[holding answer 25 February 2010]: The benefit simplification unit has three full-time staff (one SEO and two HEOs) with additional input from a senior civil servant (grade 5) and a grade 7.
Their role is to challenge existing complexity across the benefits system, and to ensure that the move towards a simpler, more transparent system is at the heart of future benefit design and delivery.
Progress on simplification is reported on annually in the departmental report, and the effectiveness of the unit is reflected in the extent to which key performance indicators are met across the Department, where these indicators are partly dependent on the complexity of the system.
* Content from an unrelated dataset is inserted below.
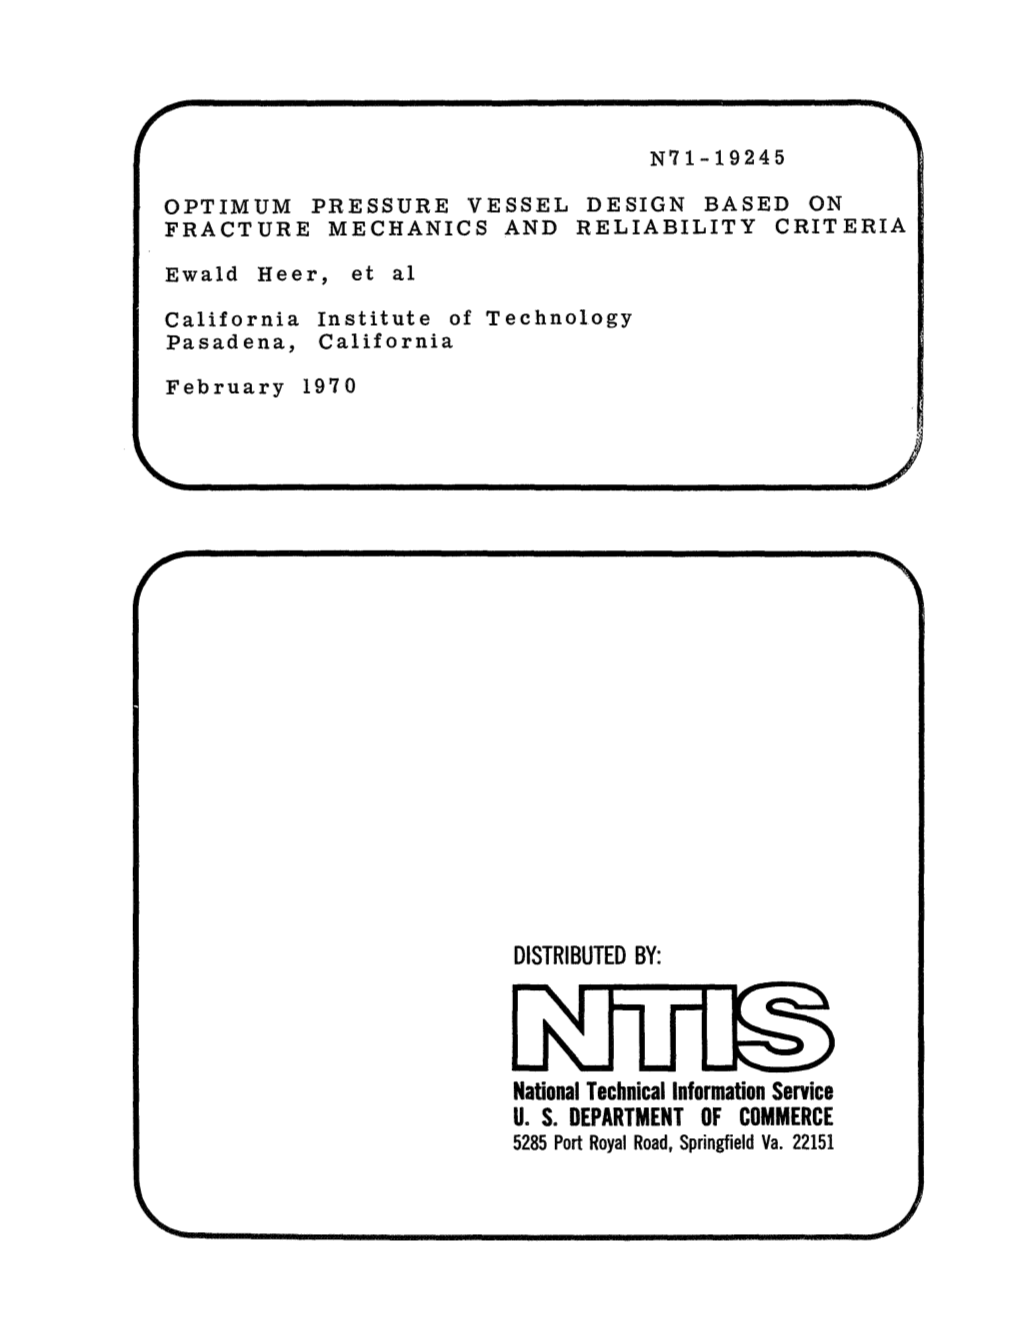 National Technical Information Service US DEPARTMENT OF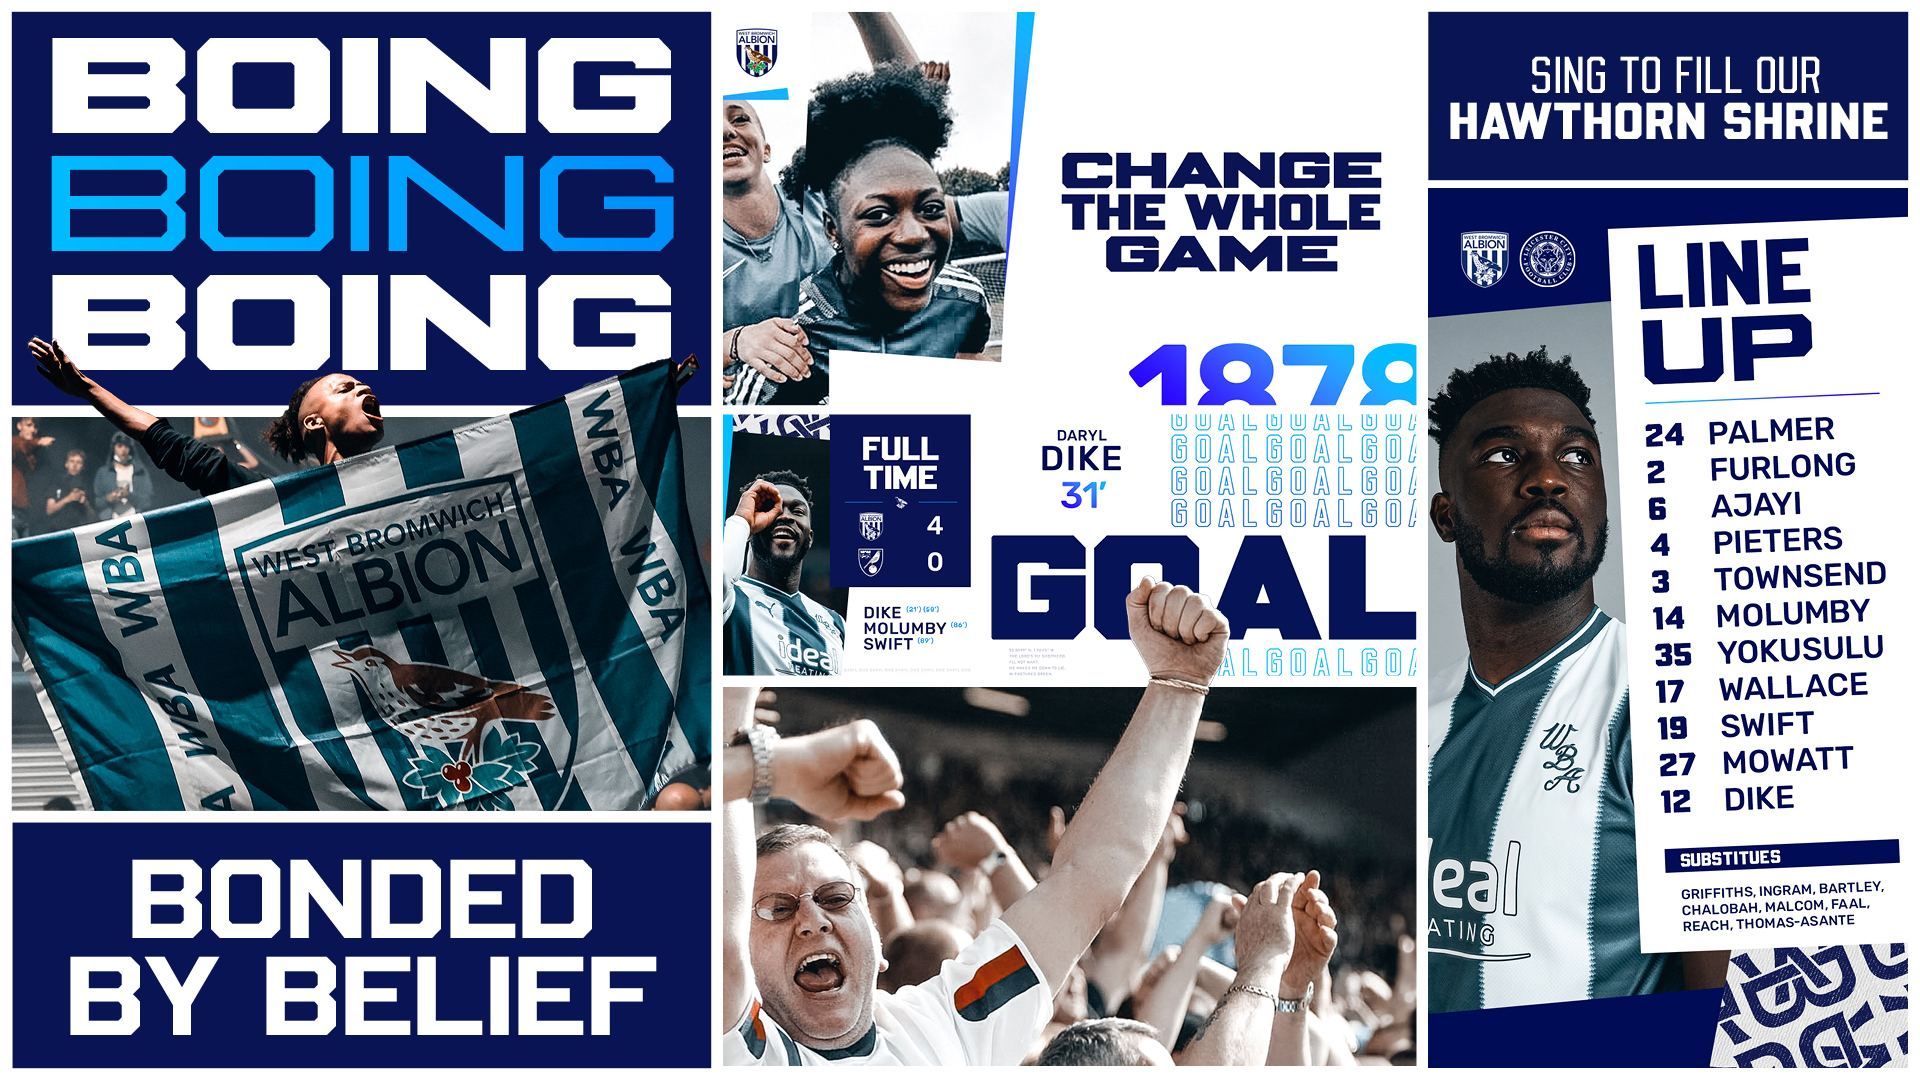 Collage of West Bromwich Albion brand graphics. All in blue and white, they include images of football players, fans, and text such a 'bonded by belief' and 'boing boing boing'.

Simplification measures—both of benefit rules and ease of customer access—introduced since the unit was set up include:
ignoring all final earnings on new claims to benefit (from October 2007). This got rid of a complex and error-prone part of assessing initial benefit entitlement;
the national roll-out of local housing allowance (April 2008), a major shift in the way housing payments are made in the private rented sector which makes them simpler and speedier to administer;
the introduction of employment and support allowance (October 2008), removed confusion resulting from the availability of two benefits for people who are ill or disabled—incapacity benefit, and income support—by replacing them with one simpler benefit for this client group;
paying all working age benefits on a common payday (to be completed by April 2011) instead of confusingly different paydays;
extending the Rapid Reclaim process since the last claim for jobseeker's allowance and income support from 12 to 26 weeks, providing a speedier service, with less form-filling;
transferring all our benefit internet services to Directgov, the main public services website. Customers can now get advice on what to claim on the benefit adviser and track the progress of claims via the secure Benefit Enquiry service.